In church today, our pastor talked about how moms can become invisible to their children. Of course, he was talking about how we can take them for granted, but there is another way that our mom can become invisible…at least to us here. When your mom goes to Heaven and you can no longer see her, or talk to her. While she is no longer with us here on earth, that doesn’t mean her love for us ends. Love will endure forever. She was the one who carried us in her womb for nine months, and then brought us into this world. She nurtured us through life, and helped us to become independent people, who can take charge of our own lives.
I’m sure there were many times when we took her for granted, and didn’t give her the respect she deserved, but she always forgave us for our thoughtlessness. In her wisdom, she knew that we really didn’t mean it. Still, our words must have hurt…our actions must have stung. Nevertheless, Mom forgave and didn’t hold it against us. I’m sure some of them us were much more of a challenge than others, and I place myself in that category, because I think I had the ability to be a trial sometimes…and I think I might be putting that somewhat mildly. Still, that doesn’t mean that I did not care about my mom, but rather that her daughter was stubborn. Mom always forgave me anyway, and for that I consider myself blessed. Our moms taught us what it meant to be parents…the need to forgive our kids for the stupid things we did. We learned parenting from our parents after all, and much of the nurturing qualities come from our mothers. Where would our kids be without our mothers to show us how to be mothers. We learned it from her.

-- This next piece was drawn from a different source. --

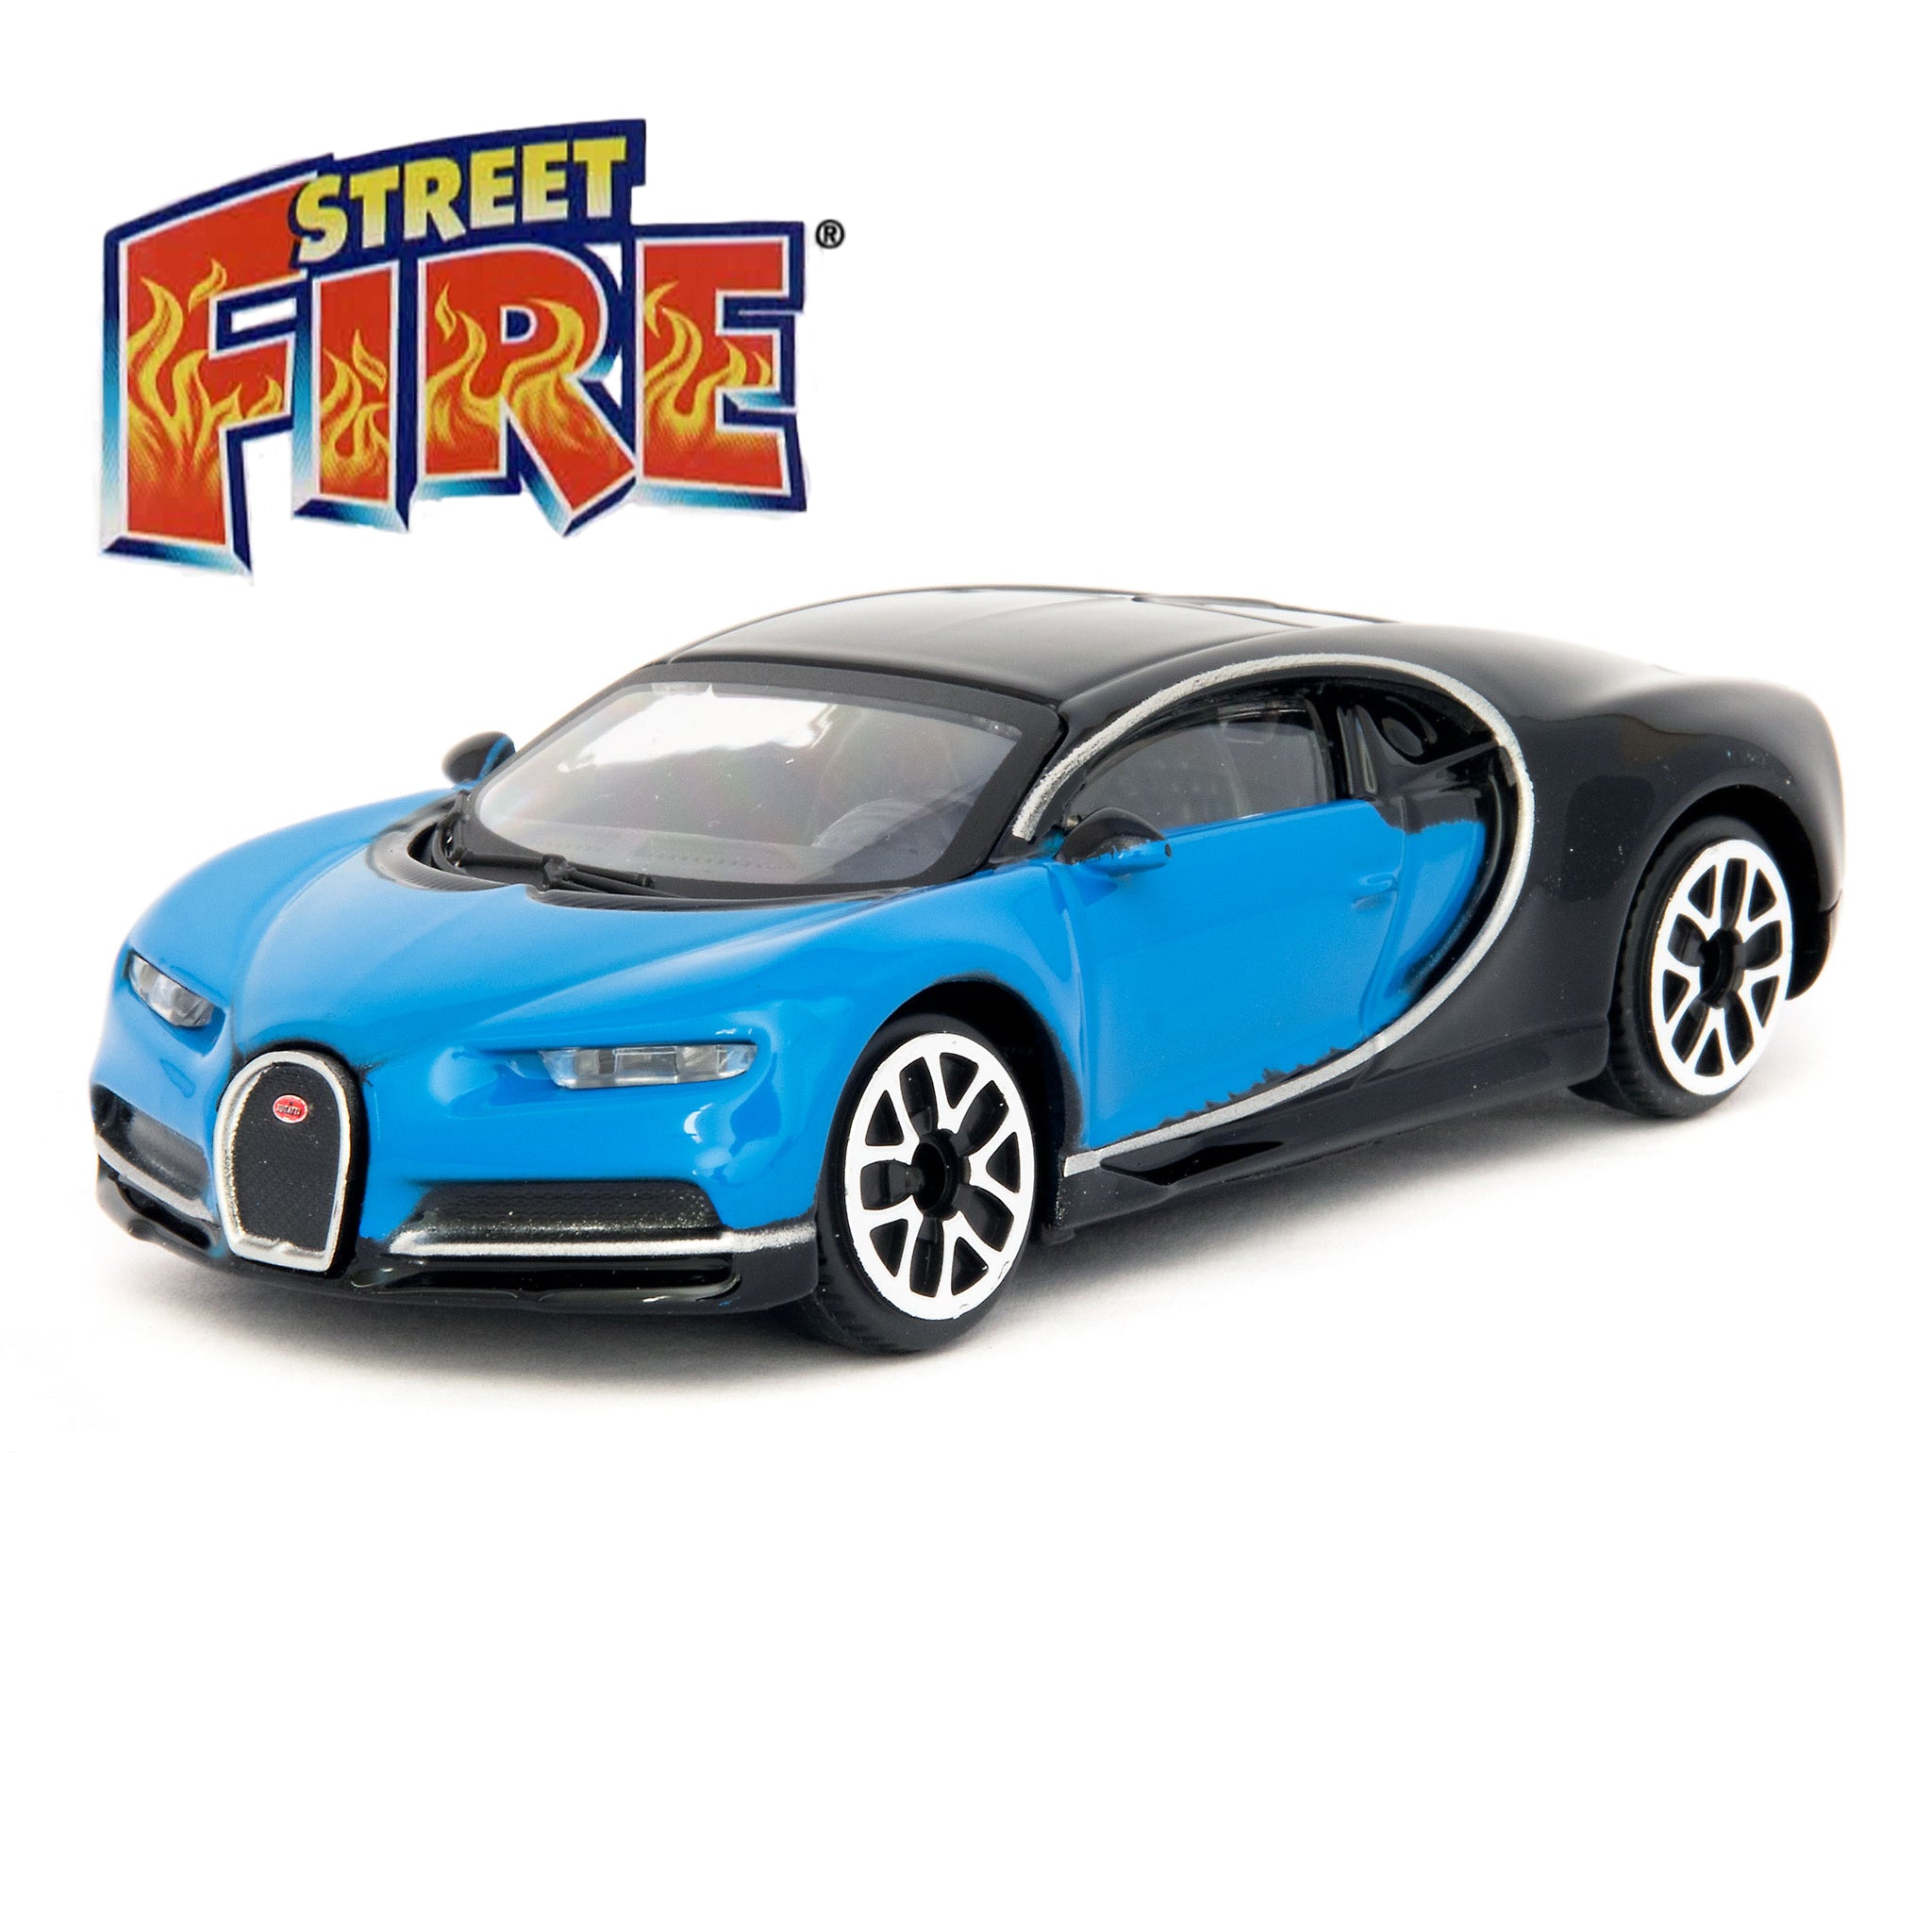 Bugatti Chiron Diecast Toy Car blue - 1:43 Scale
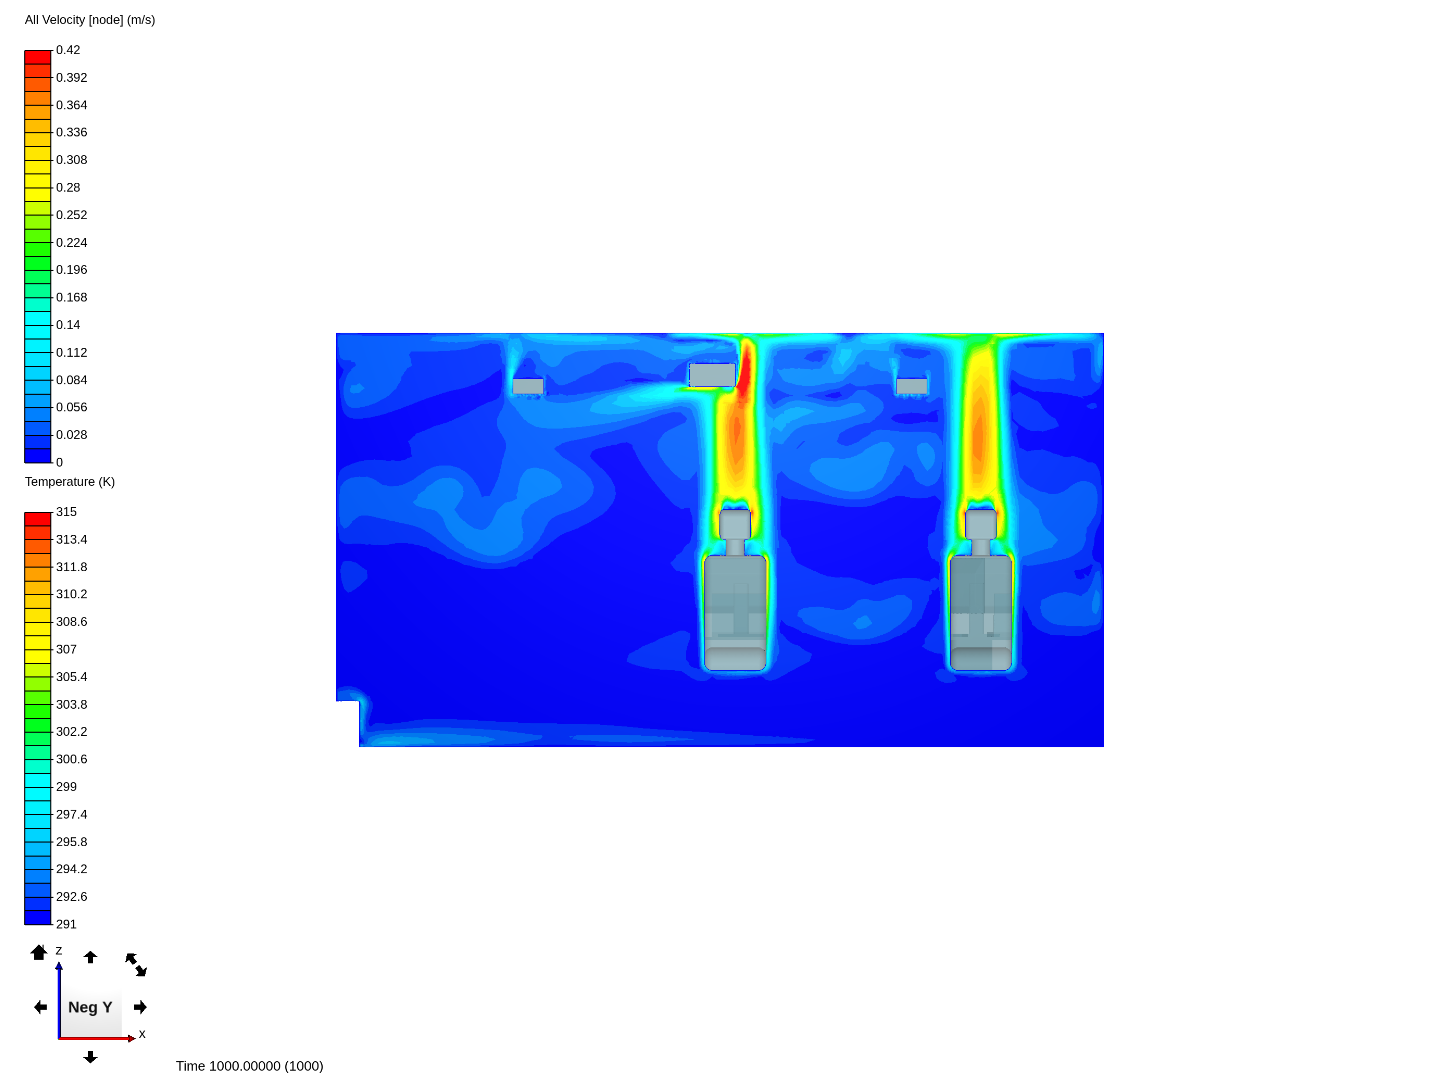 cfd analysis of thermal comfort image

Still, over those years, we have all taken our moms for granted. We didn’t really see them. They were a fixture in our lives. They performed a function, but we were seldom grateful. Then, when they are suddenly gone, we finally get it. We realize that they quietly took care of all the needs of our lives. They took a back seat so that we could shine. They cooked and cleaned, and received no thanks from us. We sassed them and disrespected them, and even though we may have said we were sorry, we could not take those things back. They were forever out there. Then, for some of us, the day came when they left this earth and we learned what it was like without that wonderful person that we had taken so much for granted…viewed as invisible…whether we realized it or not. For us, invisible took on a whole new meaning where our mother was concerned. I was blessed in this life to have a wonderful mom and mother-in-law, and both of them are invisible to me now. They are in Heaven, but they will never be forgotten. Happy Mother’s Day in Heaven to my two moms. I love and miss you both.